■ **Records shown**
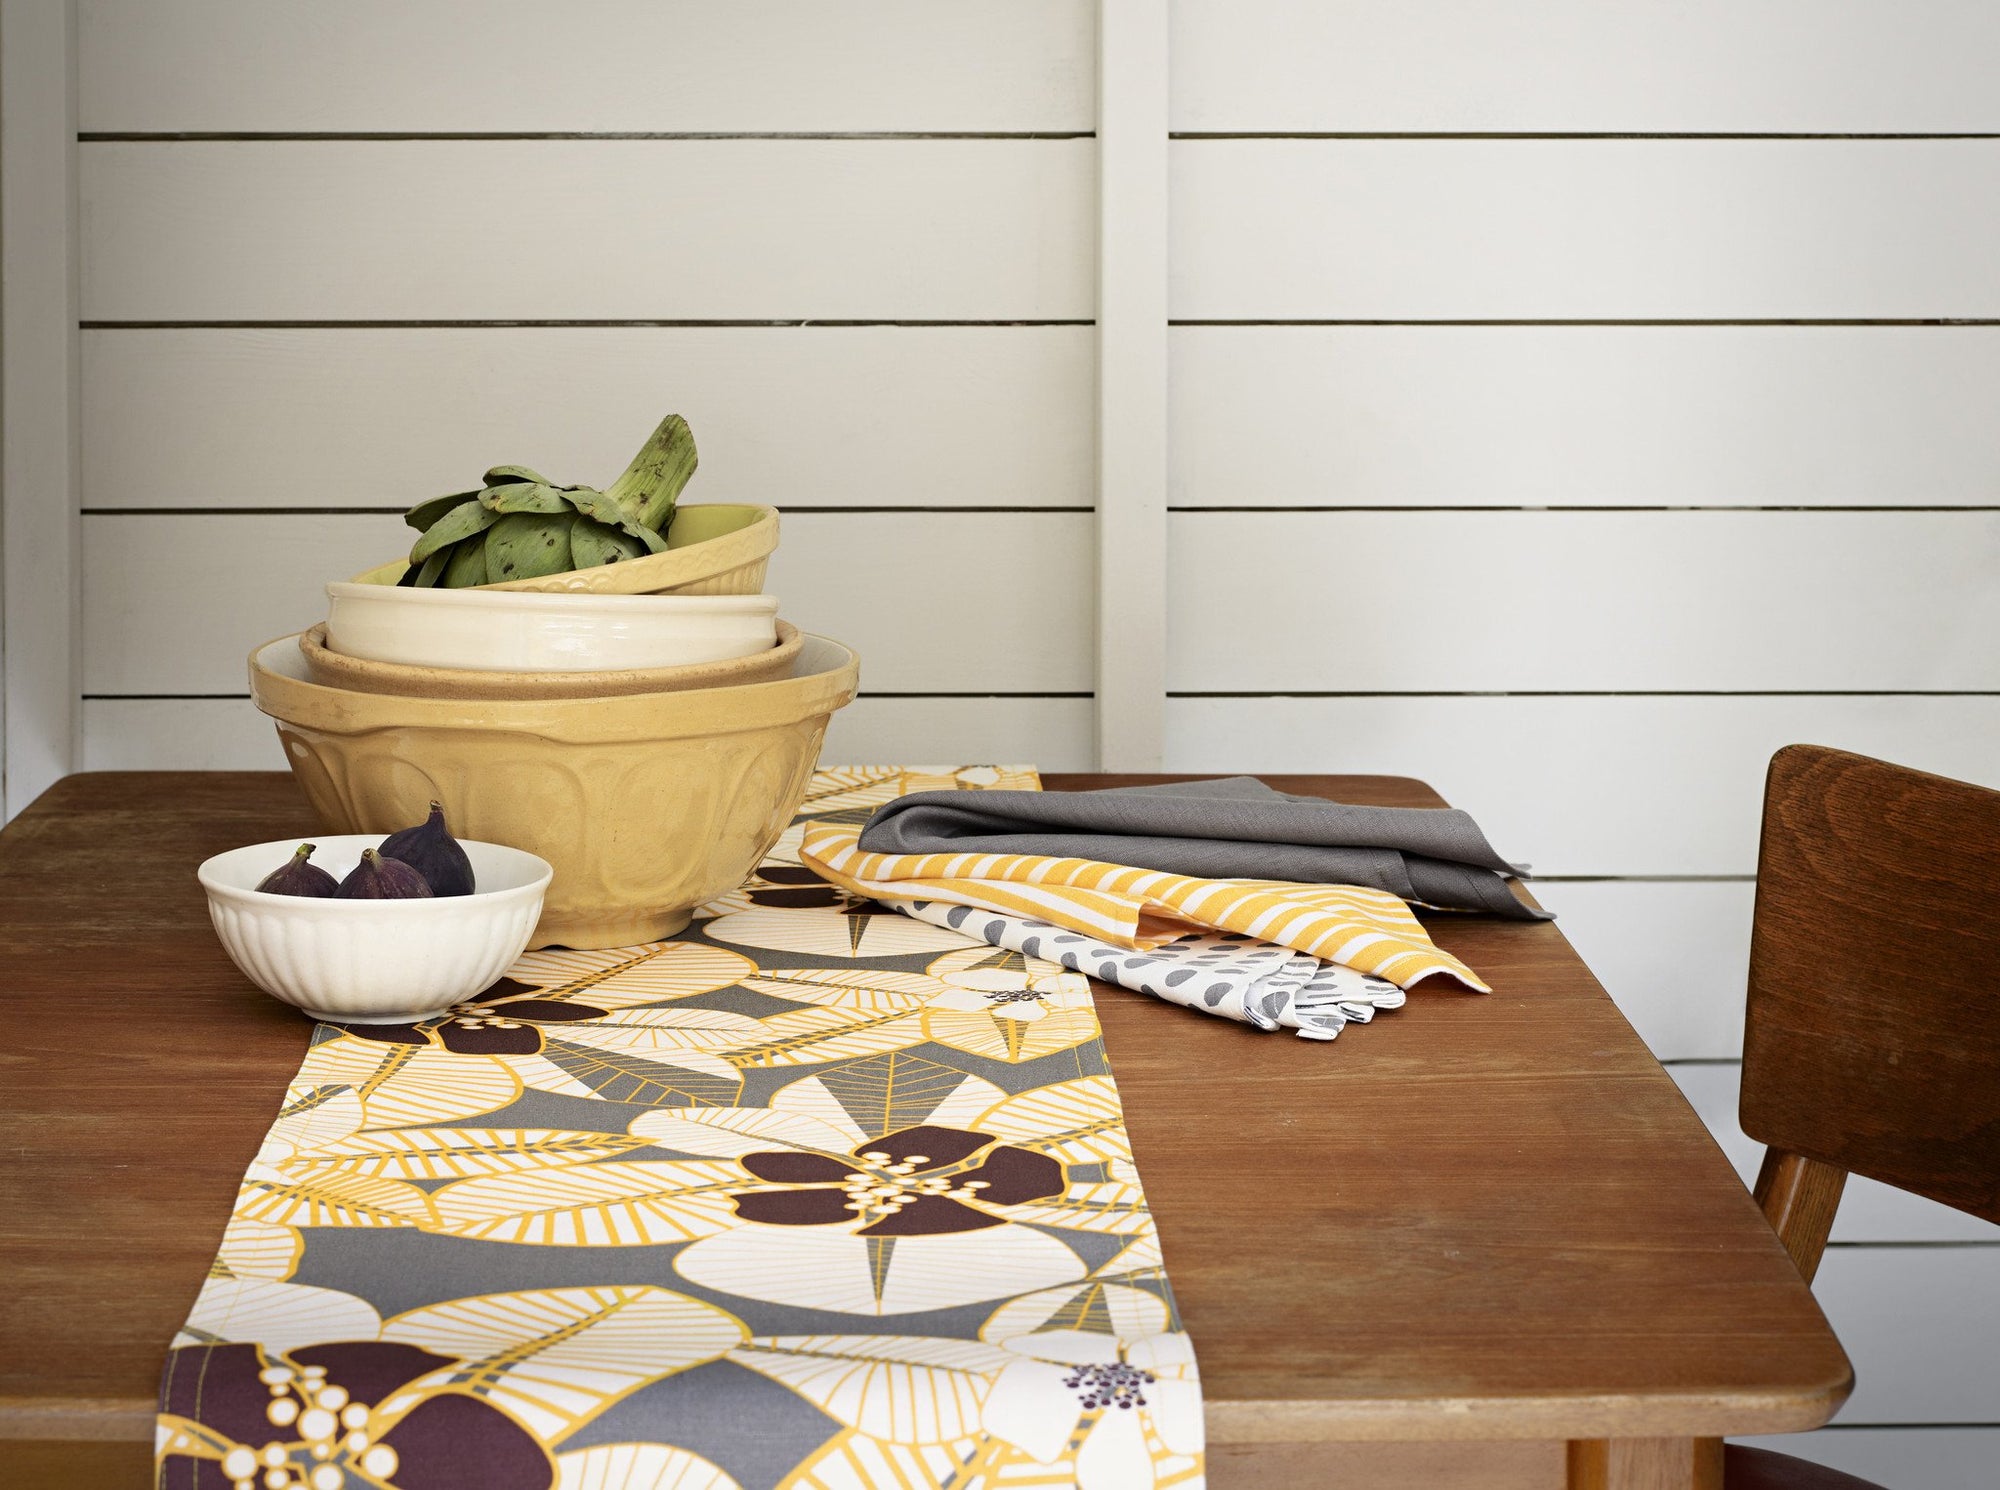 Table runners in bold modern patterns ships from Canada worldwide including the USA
---
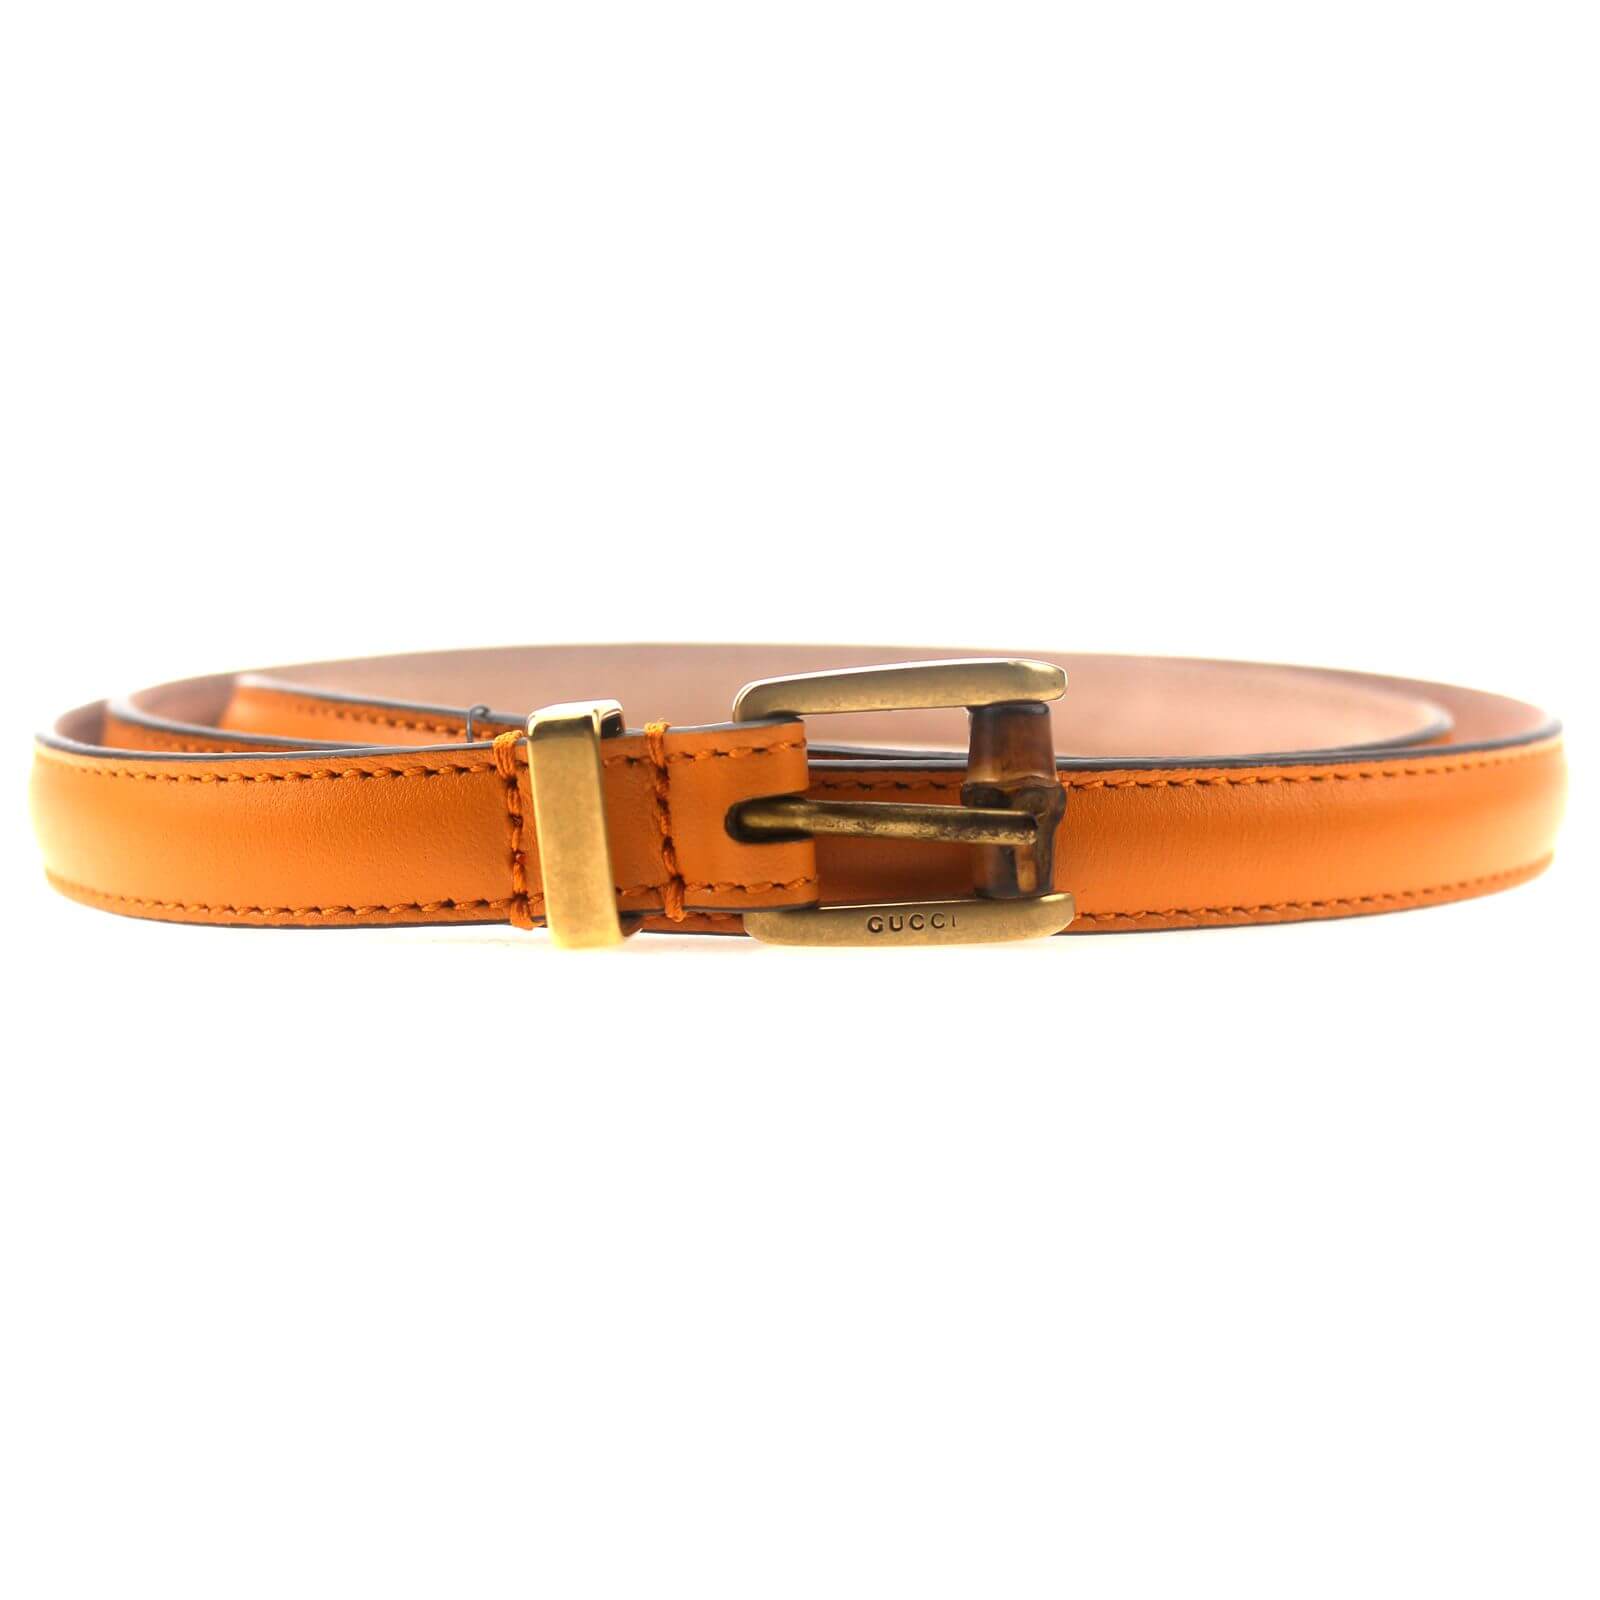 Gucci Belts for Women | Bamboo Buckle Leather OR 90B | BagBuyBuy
--
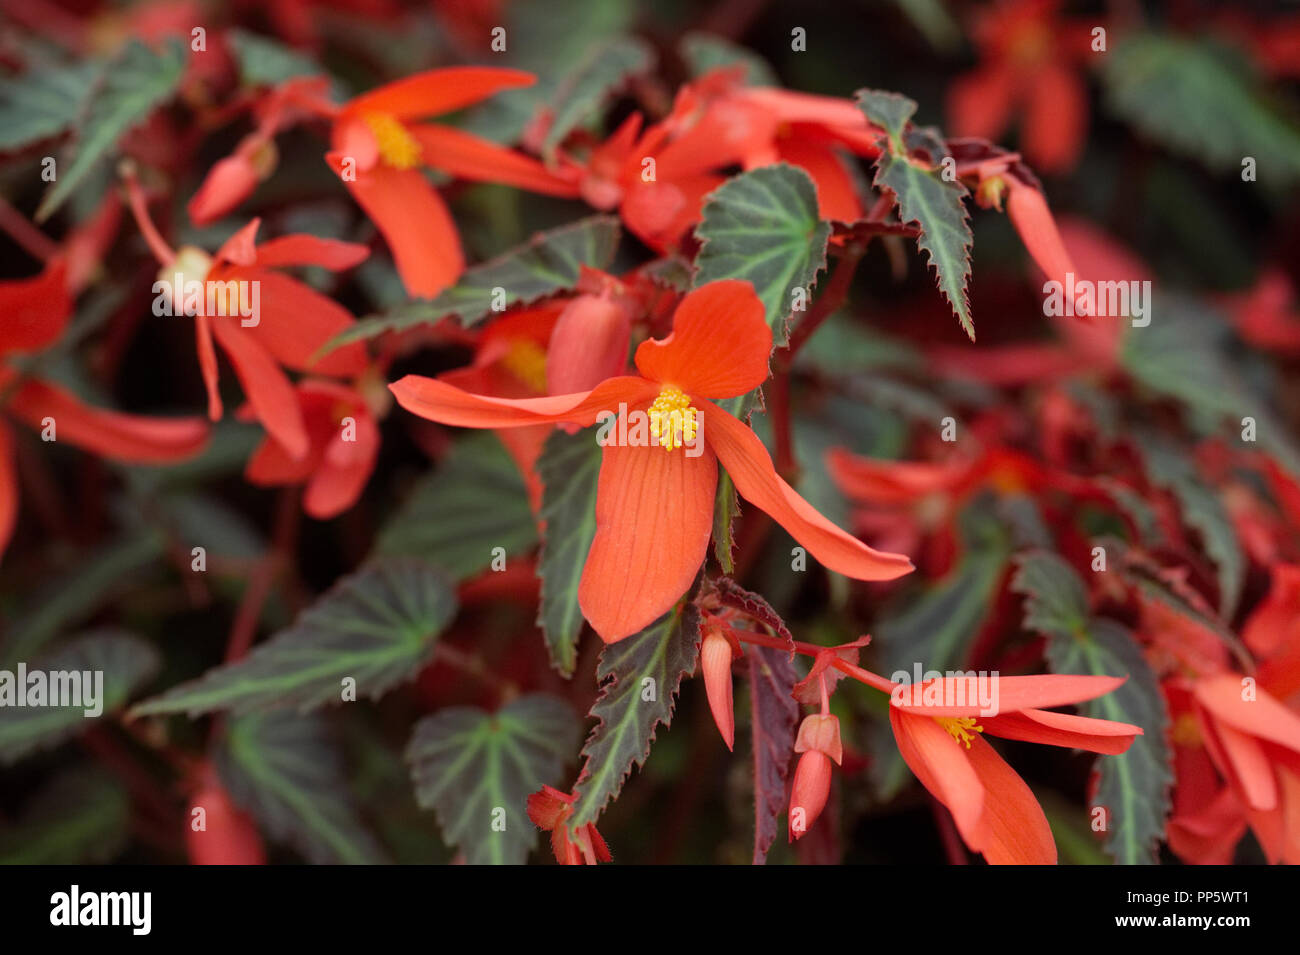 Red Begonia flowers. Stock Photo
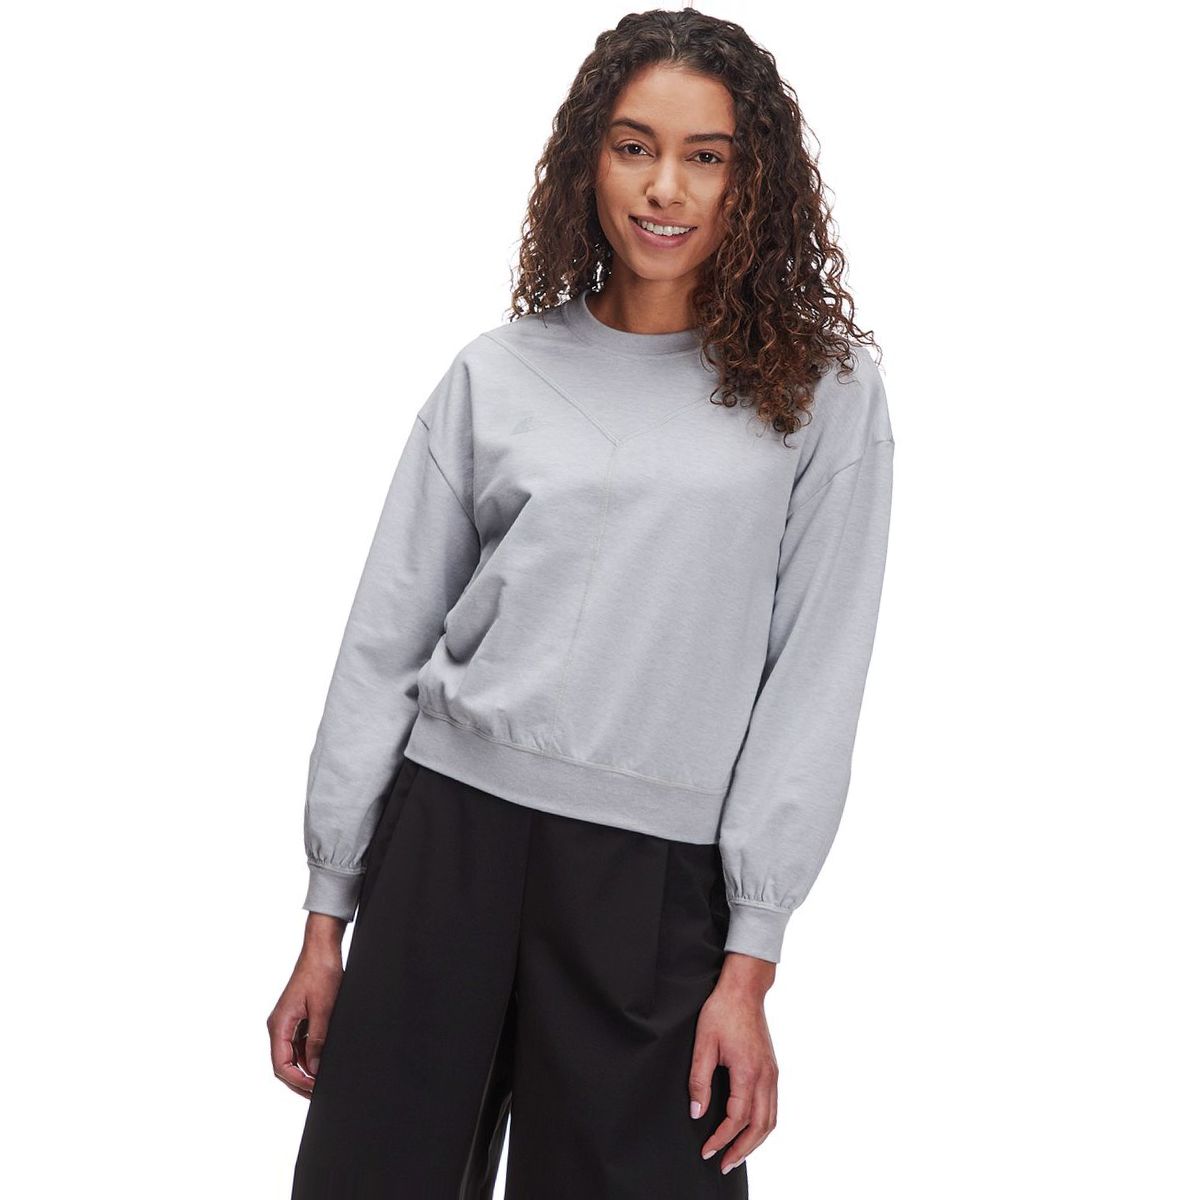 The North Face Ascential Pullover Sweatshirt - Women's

■ **Activity**
Using the entries above, reproduce word for word only the lines from the one that contains "Red Begonia flowers. Stock Photo" to the one that contains "The North Face", both ends included, and drop every picture.

■ **Written reply**
 Red Begonia flowers. Stock Photo
 The North Face Ascential Pullover Sweatshirt - Women's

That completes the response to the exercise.